SOLUTION: a baseball team held a fundraising car wash. They charged $4 for each car and $6 for each truck. They washed 50 cars and trucks and collected $210. How many of each type of vehicle
Question 1208864: a baseball team held a fundraising car wash. They charged $4 for each car and $6 for each truck. They washed 50 cars and trucks and collected $210. How many of each type of vehicle did they wash?

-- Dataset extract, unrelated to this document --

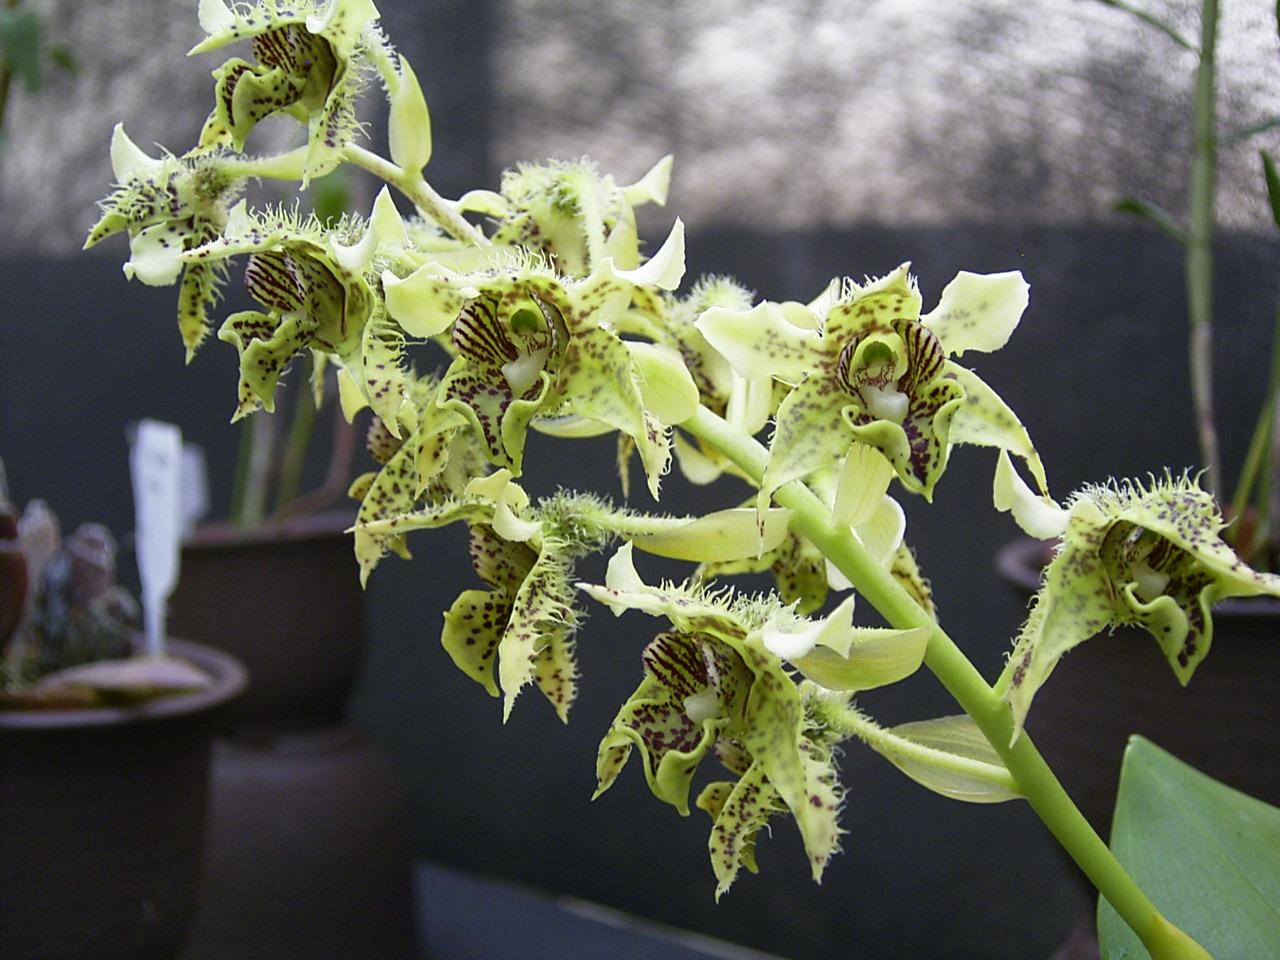 http://orchids.la.coocan.jp/Dendrobium/Dendrobium%20polysema/R0049365.JPG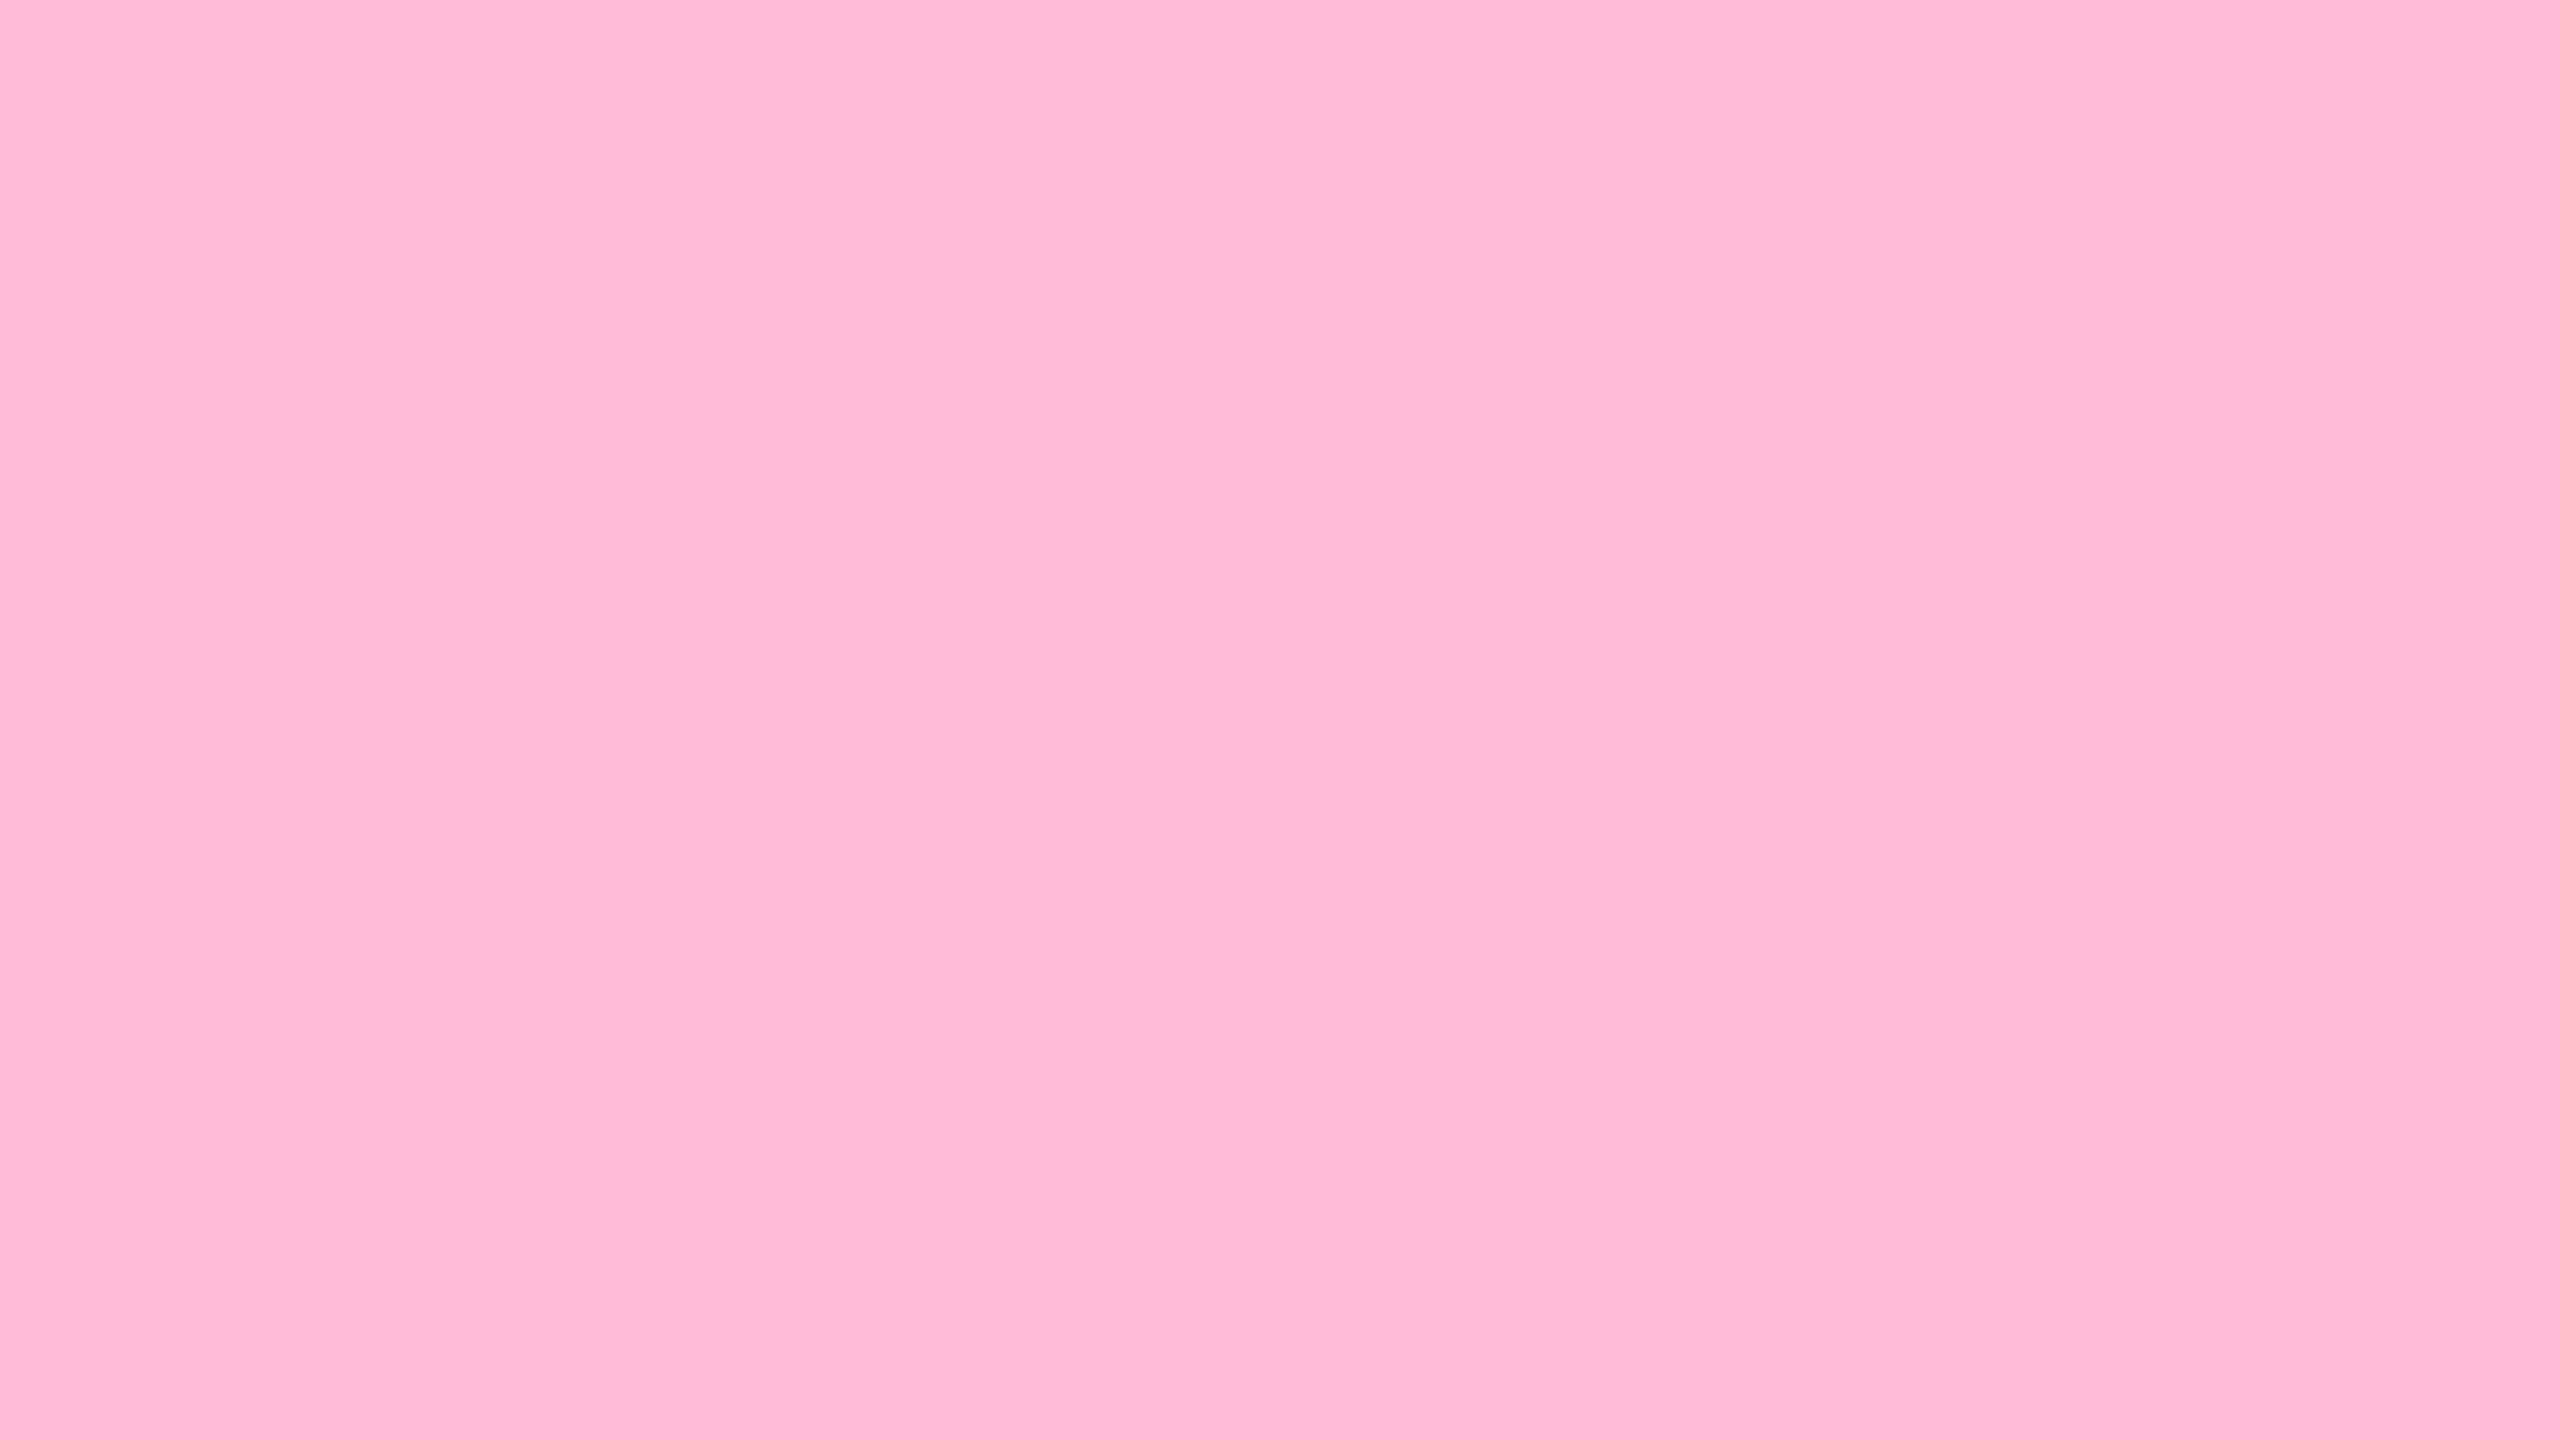 Color Cotton Candy Cotton Candy Solid Color

Found 3 solutions by josgarithmetic, timofer, greenestamps:Answer by josgarithmetic(39617) (Show Source):
Here are a couple of non-algebraic methods for solving the problem.
(1) by logical reasoning and simple arithmetic....
If all 50 vehicles had been cars, the amount they would have collected is 50($4) = $200
but the actual amount was $10 more than that
they collect $2 more for each truck than for each car
the number of trucks they had to wash to make the additional $10 is $10/$2 = 5.
ANSWER: 5 trucks (and 50-5 = 45 cars)
(2) as an unusual type of "mixture" problem....
You are "mixing" cars at $4 each and trucks at $6 each and getting an average of $210/50 = $4.20
Use a number line if it helps to see that $4.20 is 1/10 of the way from $4 to $6.
That means 1/10 of the total 50 vehicles were trucks.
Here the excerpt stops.